A tarde já ia ficando escura e eu tinha a esperança de voltar à confeitaria em tempo de comprar alguns doces para levar à casa de um amigo-das-antigas que ia visitar.
Por isso, o incômodo. E talvez pelo mesmo motivo que eu tenha me agitado, agitou-se o Pitbull que nos acompanhava com uma carícia que eu fazia, e levei uma mordida, acompanhada do latido, daquelas que só um cachorro desse tipo sabe dar.

Latejo, mas finjo ‘não foi nada.’

Com a confeitaria na cabeça muito mais que a úmida dor que escorria pelas costas da mão e que eu queria esconder, me despedi rapidamente, sujei a maçaneta da porta do carro de vermelho e parti para a gulodice-seja-la-qual-cor, menos sangue por favor.

Chego às 18:00 em ponto na Zout e Zouet e só com as compras dou início ao deleite, salivando: doces, chocolates e o famoso ApfelStrudel da casa. Agora sim estava pronto para dar sequência aos exageros da generosa e azulada tarde agora a caminho de uma imprevista, longa, suculenta se preferir, noite de emoções.

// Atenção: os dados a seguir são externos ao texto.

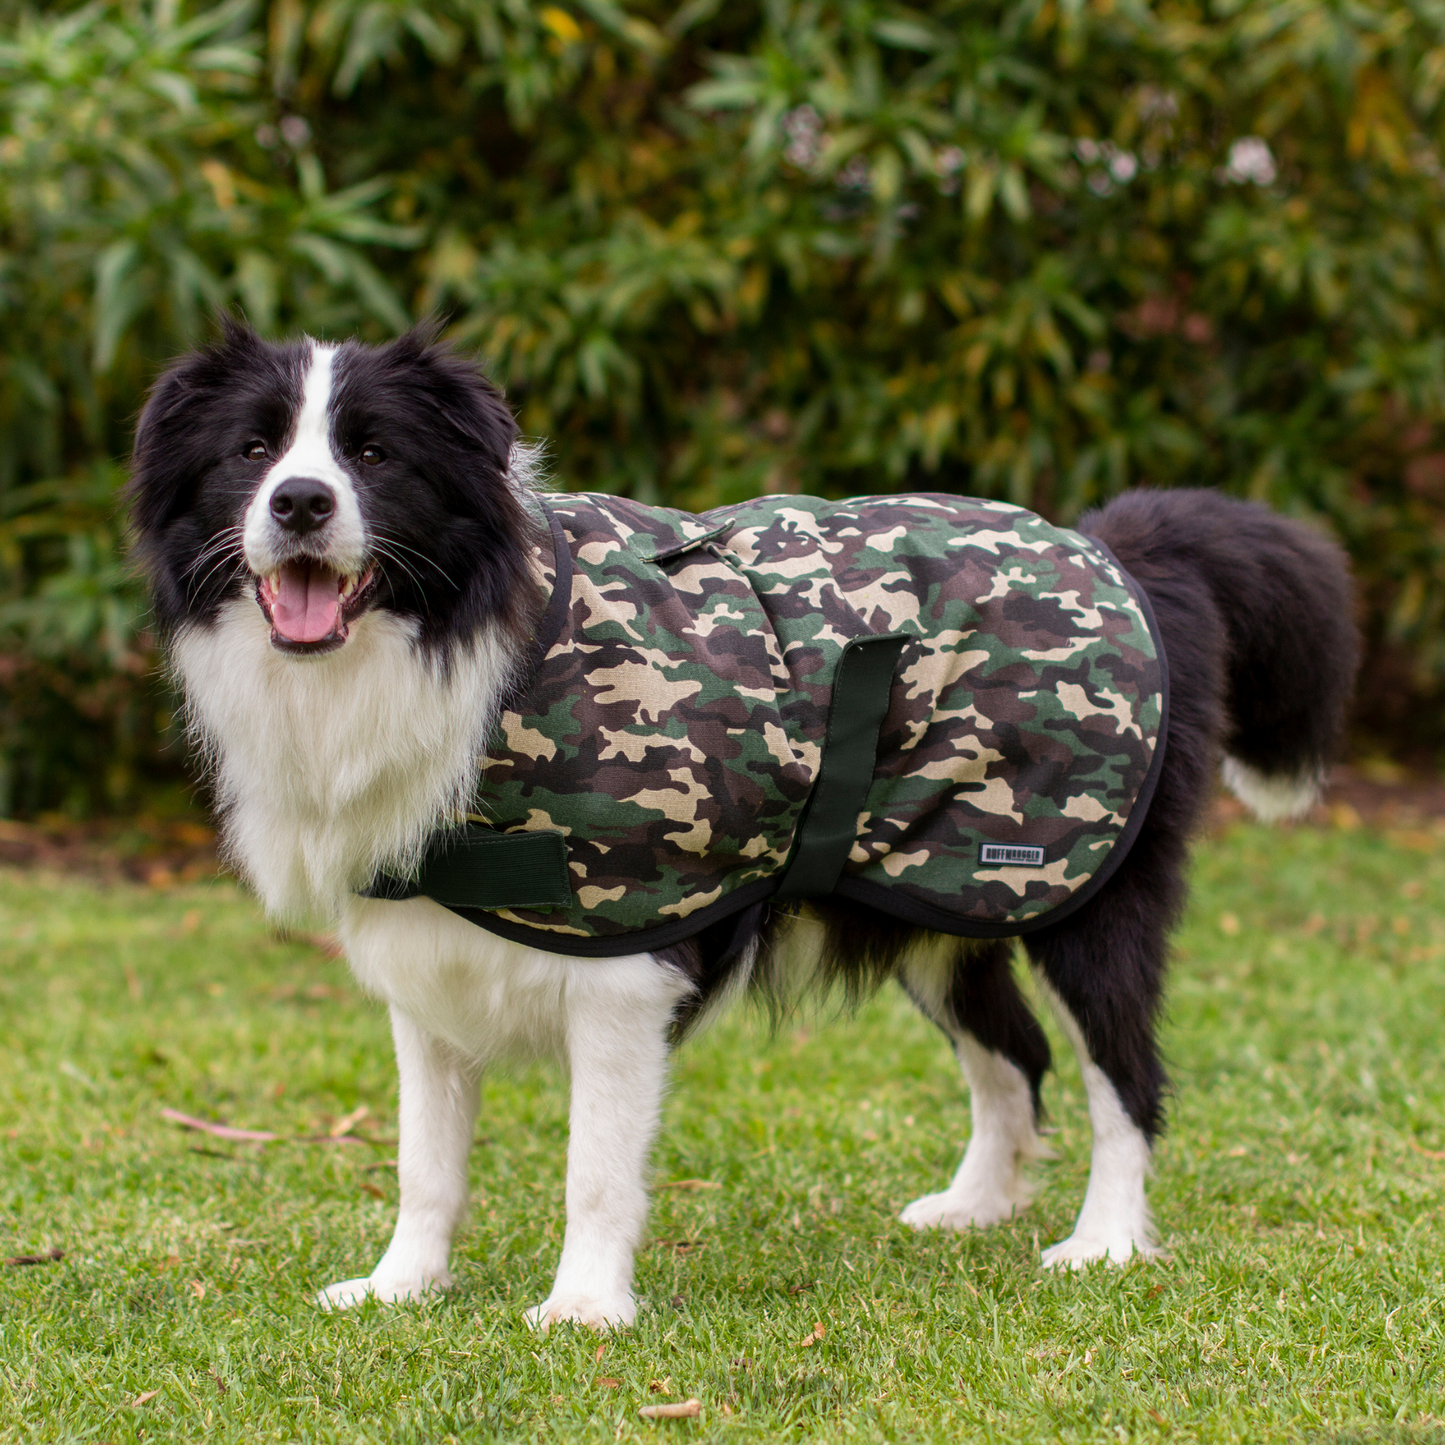 Ruff N Rugged Camouflage Oilskin Dog Coat

Já estou na casa do ‘samurai’, amigo de longa data, agora casada com uma Japa de igual excentricidade, numa bela casa também única, ainda que não um castelo, de um condomínio um pouco mais normal da região. Já havia estado por lá antes e sabia que, ao sentar na mesa entre a sala e a cozinha, bate-papos e acepipes prazerosos se estenderiam por algumas, talvez demasiadas horas. Amendoim do pai feito em microondas com muito alho e pimenta, tortas de palmito suculentas e asinhas de frango que grudam no dedo aqueceram o estômago enquanto, e simultaneamente o hidratávamos com latinhas de cerveja, uma após a outra, assim como as trocas de assunto entre grandes e antigos companheiros de aventuras ainda mais estimulantes. Esta obviamente seria mais uma.

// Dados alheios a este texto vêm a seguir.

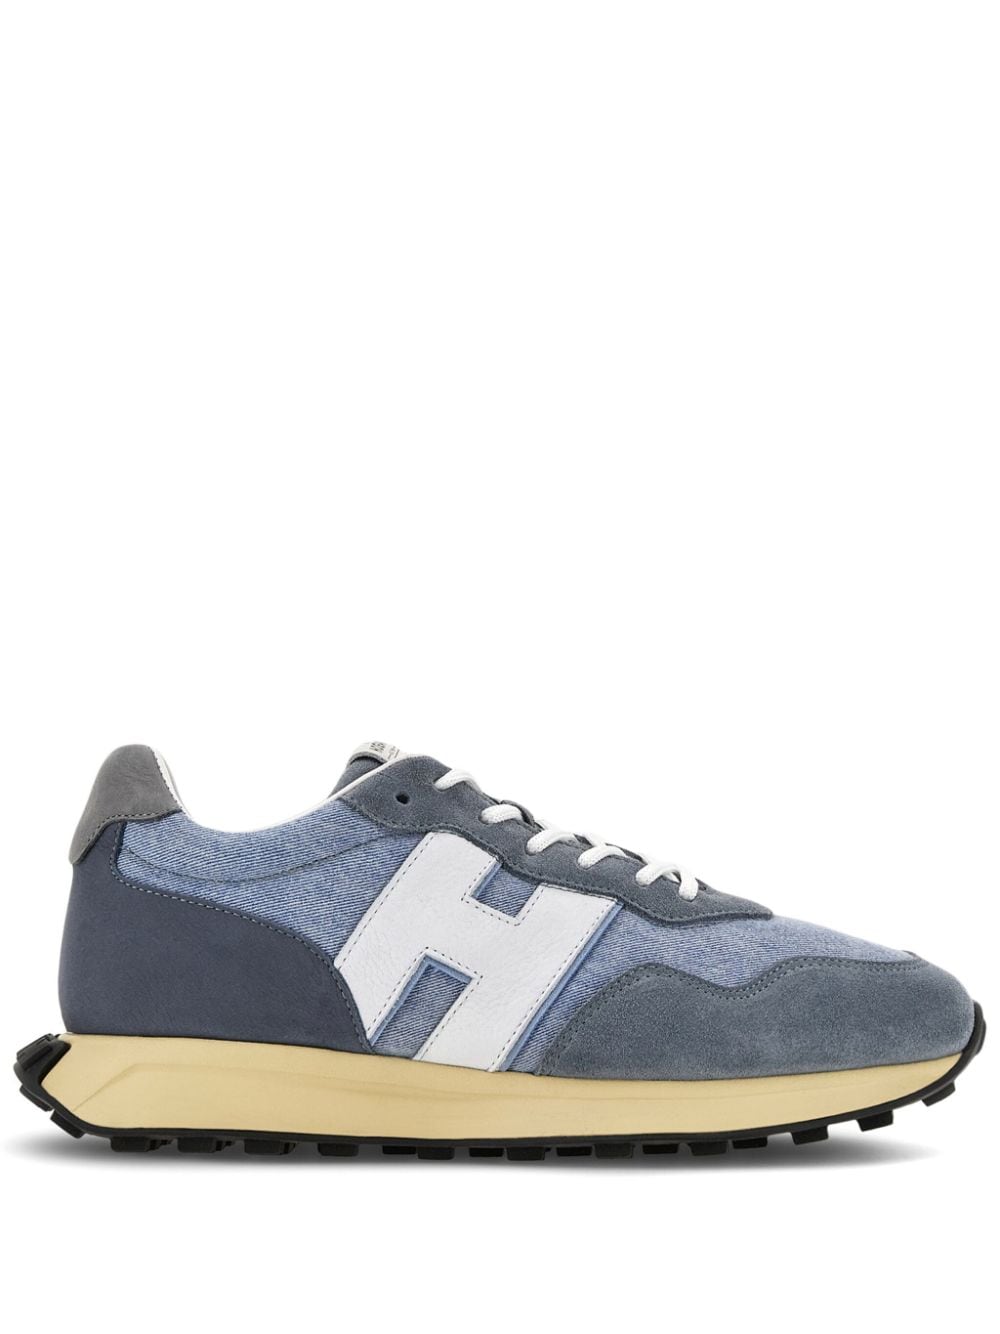 Hogan H601 lace-up suede sneakers - Blue von Hogan

Lá pelas onze da noite, resolvo partir, mas não sem antes recusar alguns convites para ficar: ‘dorme aí, amanhã cedo você vai’. Mas como são os exageros, exagerei também na independência: “Não, obrigado. Amanhã tenho que acordar cedo”, típica resposta de quem, não estando bem, logo se prontifica, pelas palavras, a estar.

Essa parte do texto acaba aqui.